Why All of Creation Is Groaning — And What It's Waiting For (Romans 8:18-25)
Something is wrong with the world and you can feel it. The ache in your bones, the news that never gets better, the beauty that always fades. Paul says the entire universe feels it too — and he tells you exactly what it's all waiting for.
Something Is Wrong and You Know It
You don’t need a theology degree to sense it. You can feel it in the pit of your stomach when you watch the news. You feel it in the ache of a sunset — the way beauty arrives and immediately begins to leave. You feel it in hospitals, at funerals, in the moment after a fight when the house goes quiet and nobody knows how to fix what just broke.
Something is wrong with the world.
Not just inconvenient. Not just imperfect. Something is fundamentally, structurally, cosmically off. The world is breathtaking and brutal in the same breath. A baby is born and a tsunami kills thousands. The same earth that grows wildflowers grows tumors. We build civilizations and then bomb them. We love people and then lose them.
C.S. Lewis once wrote that we don’t just experience pain — we experience the wrongness of pain. We have this instinct that it shouldn’t be this way. That there’s a crack in the foundation of reality that no amount of progress or therapy or technology can plaster over.
Paul knew this feeling. And in Romans 8:18-25, he doesn’t dismiss it, minimize it, or slap a Bible verse on it like a bandage. He does something far more audacious.
He tells you the entire universe agrees with you. And then he tells you what it’s all waiting for.
The Calculation That Changes Everything (Romans 8:18)
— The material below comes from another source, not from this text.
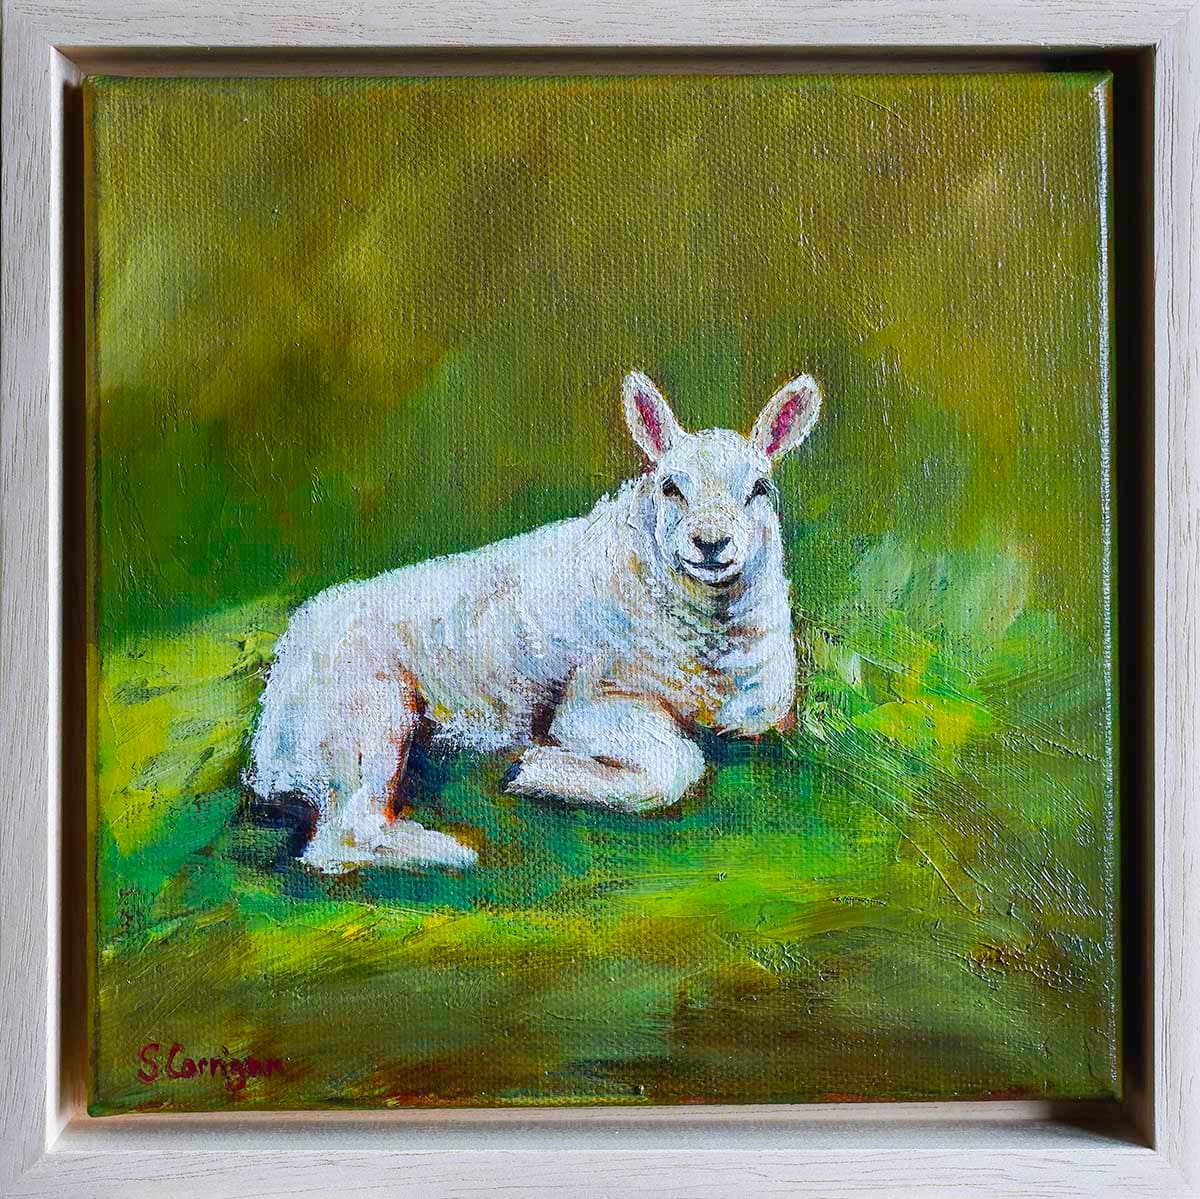 Ingram Lamb (i) by Sarah Corrigan 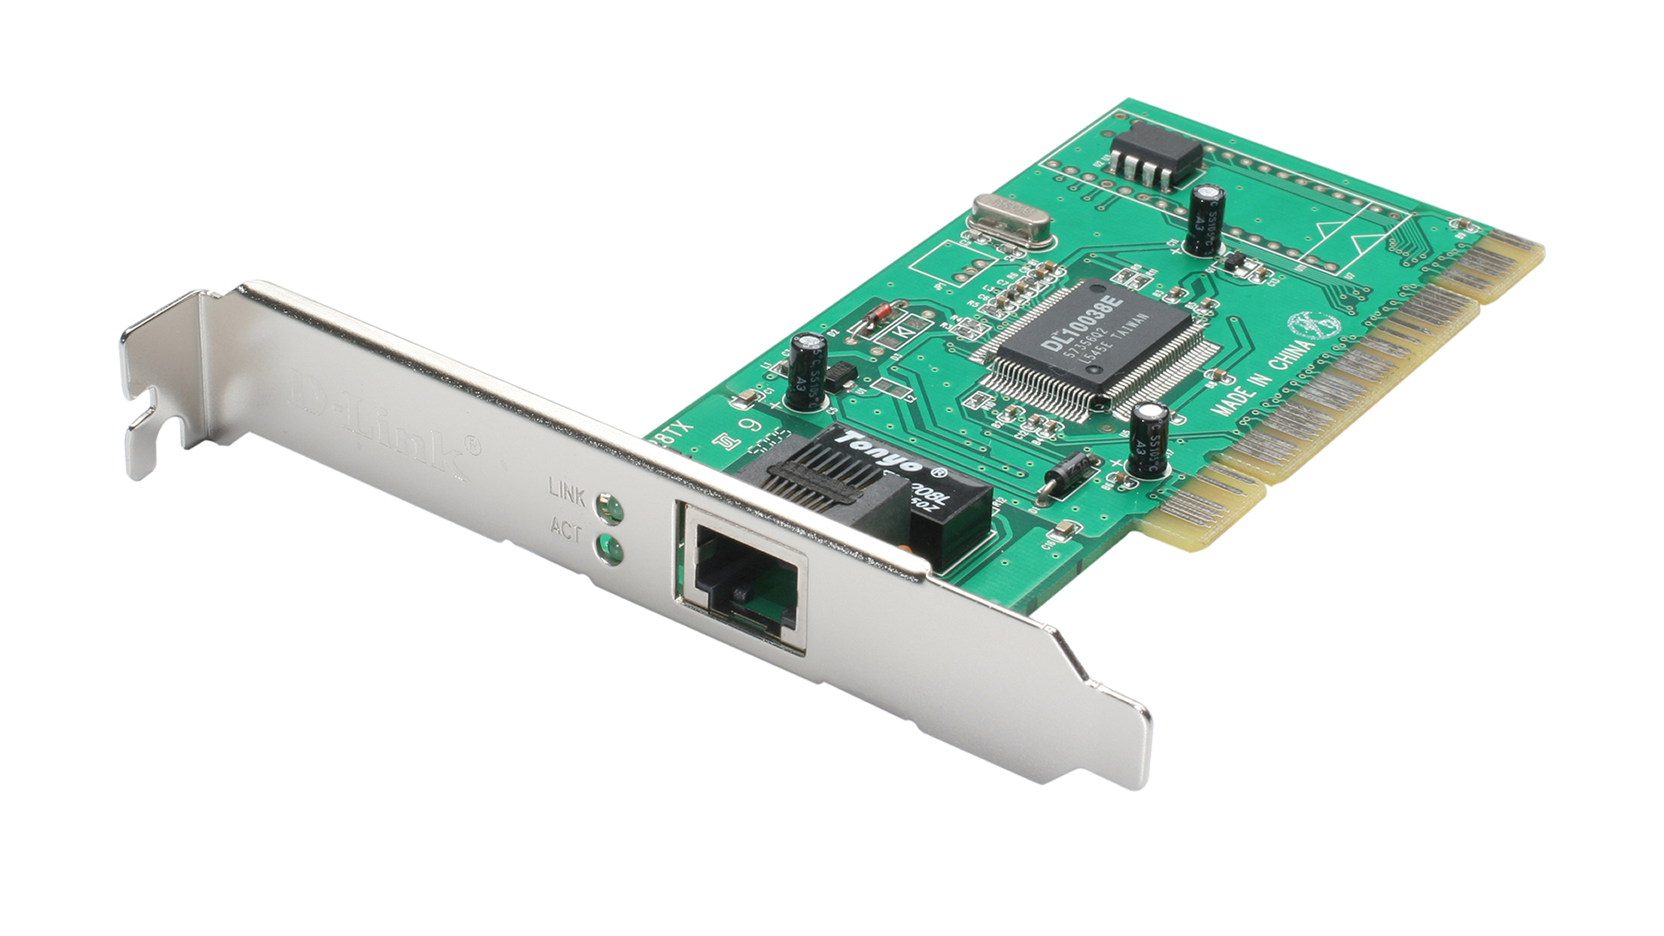 Сетевая карта d link. D-link DFE-520tx PCI. DFE-520tx 10/100mbps Ethernet PCI Adapter. D-link DFE-520tx 10base-t/100 Base-ТХ PCI. Адаптер сетевой Ethernet Acorp l-100s PCI.

Paul opens with one of the most carefully worded sentences in all of Scripture:
For I consider that the sufferings of this present time are not worthy to be compared with the glory which will be revealed toward us.
The word “consider” in Greek is logizomai. It’s an accounting term. It means to calculate, to reckon, to weigh on a balance sheet. This is not a man dismissing pain with empty optimism. This is a man who has done the math.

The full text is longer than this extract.